(Saved entries)

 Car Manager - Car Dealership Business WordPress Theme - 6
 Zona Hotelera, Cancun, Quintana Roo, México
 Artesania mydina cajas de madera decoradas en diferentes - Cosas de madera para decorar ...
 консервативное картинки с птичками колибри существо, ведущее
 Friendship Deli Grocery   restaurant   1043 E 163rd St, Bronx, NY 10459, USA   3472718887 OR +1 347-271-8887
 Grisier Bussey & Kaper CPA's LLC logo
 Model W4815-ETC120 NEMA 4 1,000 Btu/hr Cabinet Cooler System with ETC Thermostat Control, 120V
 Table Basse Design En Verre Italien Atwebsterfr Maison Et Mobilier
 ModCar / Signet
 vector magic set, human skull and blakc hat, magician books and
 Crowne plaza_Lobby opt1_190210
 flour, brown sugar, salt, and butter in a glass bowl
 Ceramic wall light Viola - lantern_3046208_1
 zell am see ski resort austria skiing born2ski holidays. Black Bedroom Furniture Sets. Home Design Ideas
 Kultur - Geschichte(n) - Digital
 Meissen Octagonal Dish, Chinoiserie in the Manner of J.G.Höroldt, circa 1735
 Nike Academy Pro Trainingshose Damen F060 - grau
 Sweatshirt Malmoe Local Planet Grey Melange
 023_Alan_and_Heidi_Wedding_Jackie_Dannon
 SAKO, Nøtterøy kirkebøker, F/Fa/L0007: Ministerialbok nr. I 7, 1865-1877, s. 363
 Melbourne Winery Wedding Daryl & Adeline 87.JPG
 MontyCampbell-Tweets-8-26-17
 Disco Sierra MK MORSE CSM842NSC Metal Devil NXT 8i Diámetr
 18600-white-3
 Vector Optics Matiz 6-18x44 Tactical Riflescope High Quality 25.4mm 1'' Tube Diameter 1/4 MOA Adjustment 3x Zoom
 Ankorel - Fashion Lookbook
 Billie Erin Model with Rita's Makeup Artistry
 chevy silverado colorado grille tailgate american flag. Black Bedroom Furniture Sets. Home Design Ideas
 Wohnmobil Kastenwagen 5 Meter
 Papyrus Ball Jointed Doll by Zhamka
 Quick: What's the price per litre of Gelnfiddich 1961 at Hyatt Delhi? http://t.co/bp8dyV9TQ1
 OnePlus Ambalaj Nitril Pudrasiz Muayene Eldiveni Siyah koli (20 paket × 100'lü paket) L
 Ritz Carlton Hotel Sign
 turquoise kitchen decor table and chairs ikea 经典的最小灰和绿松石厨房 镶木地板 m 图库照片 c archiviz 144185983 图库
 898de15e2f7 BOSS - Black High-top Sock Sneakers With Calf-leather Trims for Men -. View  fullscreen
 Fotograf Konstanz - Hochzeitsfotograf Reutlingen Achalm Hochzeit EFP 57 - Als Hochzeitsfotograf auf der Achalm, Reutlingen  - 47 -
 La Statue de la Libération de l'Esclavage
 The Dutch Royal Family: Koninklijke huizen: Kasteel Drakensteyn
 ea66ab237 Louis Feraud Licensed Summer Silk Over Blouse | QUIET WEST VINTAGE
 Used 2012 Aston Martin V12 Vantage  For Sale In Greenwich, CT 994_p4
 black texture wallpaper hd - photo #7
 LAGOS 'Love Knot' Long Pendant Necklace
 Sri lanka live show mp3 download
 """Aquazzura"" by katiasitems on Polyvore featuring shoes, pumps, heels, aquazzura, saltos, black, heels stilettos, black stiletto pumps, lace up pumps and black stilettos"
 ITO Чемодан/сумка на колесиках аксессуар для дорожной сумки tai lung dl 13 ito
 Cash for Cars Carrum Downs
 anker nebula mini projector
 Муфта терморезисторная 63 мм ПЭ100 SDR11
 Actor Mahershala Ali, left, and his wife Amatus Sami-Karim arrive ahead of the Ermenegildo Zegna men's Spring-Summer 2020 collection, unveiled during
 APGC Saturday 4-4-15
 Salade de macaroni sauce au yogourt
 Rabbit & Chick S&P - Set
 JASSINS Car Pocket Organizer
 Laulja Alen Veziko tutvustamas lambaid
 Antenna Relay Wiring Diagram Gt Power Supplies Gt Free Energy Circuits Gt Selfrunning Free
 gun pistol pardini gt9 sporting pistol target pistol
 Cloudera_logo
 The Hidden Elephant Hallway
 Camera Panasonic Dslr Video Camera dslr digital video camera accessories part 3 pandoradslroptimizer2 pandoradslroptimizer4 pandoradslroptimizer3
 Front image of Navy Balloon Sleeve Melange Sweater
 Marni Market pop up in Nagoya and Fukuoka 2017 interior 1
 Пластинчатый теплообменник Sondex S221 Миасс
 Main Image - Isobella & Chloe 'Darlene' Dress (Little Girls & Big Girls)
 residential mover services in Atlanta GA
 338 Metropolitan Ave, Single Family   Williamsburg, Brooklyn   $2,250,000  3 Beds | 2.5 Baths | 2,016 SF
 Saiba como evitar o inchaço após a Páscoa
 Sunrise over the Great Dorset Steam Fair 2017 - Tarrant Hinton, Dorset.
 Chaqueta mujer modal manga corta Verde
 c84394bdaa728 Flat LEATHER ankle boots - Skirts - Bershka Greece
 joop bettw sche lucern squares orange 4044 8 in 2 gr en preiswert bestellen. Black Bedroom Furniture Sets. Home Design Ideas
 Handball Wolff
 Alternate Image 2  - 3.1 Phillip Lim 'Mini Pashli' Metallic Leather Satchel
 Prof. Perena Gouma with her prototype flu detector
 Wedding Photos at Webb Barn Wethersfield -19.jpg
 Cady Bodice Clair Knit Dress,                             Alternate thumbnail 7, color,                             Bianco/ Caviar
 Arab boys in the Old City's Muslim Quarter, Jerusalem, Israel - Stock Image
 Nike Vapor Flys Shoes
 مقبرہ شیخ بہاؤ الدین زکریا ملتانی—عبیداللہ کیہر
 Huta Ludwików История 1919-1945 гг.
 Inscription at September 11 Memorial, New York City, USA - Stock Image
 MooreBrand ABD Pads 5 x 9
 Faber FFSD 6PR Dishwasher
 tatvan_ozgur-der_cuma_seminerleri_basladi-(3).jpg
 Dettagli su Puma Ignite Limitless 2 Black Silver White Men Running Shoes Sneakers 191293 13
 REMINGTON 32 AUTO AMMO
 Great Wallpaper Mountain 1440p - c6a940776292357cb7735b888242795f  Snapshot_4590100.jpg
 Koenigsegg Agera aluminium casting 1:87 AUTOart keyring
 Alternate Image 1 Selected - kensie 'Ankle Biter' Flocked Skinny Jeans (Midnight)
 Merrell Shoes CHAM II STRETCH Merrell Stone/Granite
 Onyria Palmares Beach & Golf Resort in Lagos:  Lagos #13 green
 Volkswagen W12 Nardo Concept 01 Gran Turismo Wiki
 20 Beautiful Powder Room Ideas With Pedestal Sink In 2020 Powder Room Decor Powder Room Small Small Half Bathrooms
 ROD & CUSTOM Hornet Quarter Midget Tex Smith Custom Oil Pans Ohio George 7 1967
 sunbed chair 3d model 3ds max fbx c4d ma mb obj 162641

◆ **PROBLEM**: Please output all the lines above exactly as given.

◆ **EXERCISE ANSWER**:
 Car Manager - Car Dealership Business WordPress Theme - 6
 Zona Hotelera, Cancun, Quintana Roo, México
 Artesania mydina cajas de madera decoradas en diferentes - Cosas de madera para decorar ...
 консервативное картинки с птичками колибри существо, ведущее
 Friendship Deli Grocery   restaurant   1043 E 163rd St, Bronx, NY 10459, USA   3472718887 OR +1 347-271-8887
 Grisier Bussey & Kaper CPA's LLC logo
 Model W4815-ETC120 NEMA 4 1,000 Btu/hr Cabinet Cooler System with ETC Thermostat Control, 120V
 Table Basse Design En Verre Italien Atwebsterfr Maison Et Mobilier
 ModCar / Signet
 vector magic set, human skull and blakc hat, magician books and
 Crowne plaza_Lobby opt1_190210
 flour, brown sugar, salt, and butter in a glass bowl
 Ceramic wall light Viola - lantern_3046208_1
 zell am see ski resort austria skiing born2ski holidays. Black Bedroom Furniture Sets. Home Design Ideas
 Kultur - Geschichte(n) - Digital
 Meissen Octagonal Dish, Chinoiserie in the Manner of J.G.Höroldt, circa 1735
 Nike Academy Pro Trainingshose Damen F060 - grau
 Sweatshirt Malmoe Local Planet Grey Melange
 023_Alan_and_Heidi_Wedding_Jackie_Dannon
 SAKO, Nøtterøy kirkebøker, F/Fa/L0007: Ministerialbok nr. I 7, 1865-1877, s. 363
 Melbourne Winery Wedding Daryl & Adeline 87.JPG
 MontyCampbell-Tweets-8-26-17
 Disco Sierra MK MORSE CSM842NSC Metal Devil NXT 8i Diámetr
 18600-white-3
 Vector Optics Matiz 6-18x44 Tactical Riflescope High Quality 25.4mm 1'' Tube Diameter 1/4 MOA Adjustment 3x Zoom
 Ankorel - Fashion Lookbook
 Billie Erin Model with Rita's Makeup Artistry
 chevy silverado colorado grille tailgate american flag. Black Bedroom Furniture Sets. Home Design Ideas
 Wohnmobil Kastenwagen 5 Meter
 Papyrus Ball Jointed Doll by Zhamka
 Quick: What's the price per litre of Gelnfiddich 1961 at Hyatt Delhi? http://t.co/bp8dyV9TQ1
 OnePlus Ambalaj Nitril Pudrasiz Muayene Eldiveni Siyah koli (20 paket × 100'lü paket) L
 Ritz Carlton Hotel Sign
 turquoise kitchen decor table and chairs ikea 经典的最小灰和绿松石厨房 镶木地板 m 图库照片 c archiviz 144185983 图库
 898de15e2f7 BOSS - Black High-top Sock Sneakers With Calf-leather Trims for Men -. View  fullscreen
 Fotograf Konstanz - Hochzeitsfotograf Reutlingen Achalm Hochzeit EFP 57 - Als Hochzeitsfotograf auf der Achalm, Reutlingen  - 47 -
 La Statue de la Libération de l'Esclavage
 The Dutch Royal Family: Koninklijke huizen: Kasteel Drakensteyn
 ea66ab237 Louis Feraud Licensed Summer Silk Over Blouse | QUIET WEST VINTAGE
 Used 2012 Aston Martin V12 Vantage  For Sale In Greenwich, CT 994_p4
 black texture wallpaper hd - photo #7
 LAGOS 'Love Knot' Long Pendant Necklace
 Sri lanka live show mp3 download
 """Aquazzura"" by katiasitems on Polyvore featuring shoes, pumps, heels, aquazzura, saltos, black, heels stilettos, black stiletto pumps, lace up pumps and black stilettos"
 ITO Чемодан/сумка на колесиках аксессуар для дорожной сумки tai lung dl 13 ito
 Cash for Cars Carrum Downs
 anker nebula mini projector
 Муфта терморезисторная 63 мм ПЭ100 SDR11
 Actor Mahershala Ali, left, and his wife Amatus Sami-Karim arrive ahead of the Ermenegildo Zegna men's Spring-Summer 2020 collection, unveiled during
 APGC Saturday 4-4-15
 Salade de macaroni sauce au yogourt
 Rabbit & Chick S&P - Set
 JASSINS Car Pocket Organizer
 Laulja Alen Veziko tutvustamas lambaid
 Antenna Relay Wiring Diagram Gt Power Supplies Gt Free Energy Circuits Gt Selfrunning Free
 gun pistol pardini gt9 sporting pistol target pistol
 Cloudera_logo
 The Hidden Elephant Hallway
 Camera Panasonic Dslr Video Camera dslr digital video camera accessories part 3 pandoradslroptimizer2 pandoradslroptimizer4 pandoradslroptimizer3
 Front image of Navy Balloon Sleeve Melange Sweater
 Marni Market pop up in Nagoya and Fukuoka 2017 interior 1
 Пластинчатый теплообменник Sondex S221 Миасс
 Main Image - Isobella & Chloe 'Darlene' Dress (Little Girls & Big Girls)
 residential mover services in Atlanta GA
 338 Metropolitan Ave, Single Family   Williamsburg, Brooklyn   $2,250,000  3 Beds | 2.5 Baths | 2,016 SF
 Saiba como evitar o inchaço após a Páscoa
 Sunrise over the Great Dorset Steam Fair 2017 - Tarrant Hinton, Dorset.
 Chaqueta mujer modal manga corta Verde
 c84394bdaa728 Flat LEATHER ankle boots - Skirts - Bershka Greece
 joop bettw sche lucern squares orange 4044 8 in 2 gr en preiswert bestellen. Black Bedroom Furniture Sets. Home Design Ideas
 Handball Wolff
 Alternate Image 2  - 3.1 Phillip Lim 'Mini Pashli' Metallic Leather Satchel
 Prof. Perena Gouma with her prototype flu detector
 Wedding Photos at Webb Barn Wethersfield -19.jpg
 Cady Bodice Clair Knit Dress,                             Alternate thumbnail 7, color,                             Bianco/ Caviar
 Arab boys in the Old City's Muslim Quarter, Jerusalem, Israel - Stock Image
 Nike Vapor Flys Shoes
 مقبرہ شیخ بہاؤ الدین زکریا ملتانی—عبیداللہ کیہر
 Huta Ludwików История 1919-1945 гг.
 Inscription at September 11 Memorial, New York City, USA - Stock Image
 MooreBrand ABD Pads 5 x 9
 Faber FFSD 6PR Dishwasher
 tatvan_ozgur-der_cuma_seminerleri_basladi-(3).jpg
 Dettagli su Puma Ignite Limitless 2 Black Silver White Men Running Shoes Sneakers 191293 13
 REMINGTON 32 AUTO AMMO
 Great Wallpaper Mountain 1440p - c6a940776292357cb7735b888242795f  Snapshot_4590100.jpg
 Koenigsegg Agera aluminium casting 1:87 AUTOart keyring
 Alternate Image 1 Selected - kensie 'Ankle Biter' Flocked Skinny Jeans (Midnight)
 Merrell Shoes CHAM II STRETCH Merrell Stone/Granite
 Onyria Palmares Beach & Golf Resort in Lagos:  Lagos #13 green
 Volkswagen W12 Nardo Concept 01 Gran Turismo Wiki
 20 Beautiful Powder Room Ideas With Pedestal Sink In 2020 Powder Room Decor Powder Room Small Small Half Bathrooms
 ROD & CUSTOM Hornet Quarter Midget Tex Smith Custom Oil Pans Ohio George 7 1967
 sunbed chair 3d model 3ds max fbx c4d ma mb obj 162641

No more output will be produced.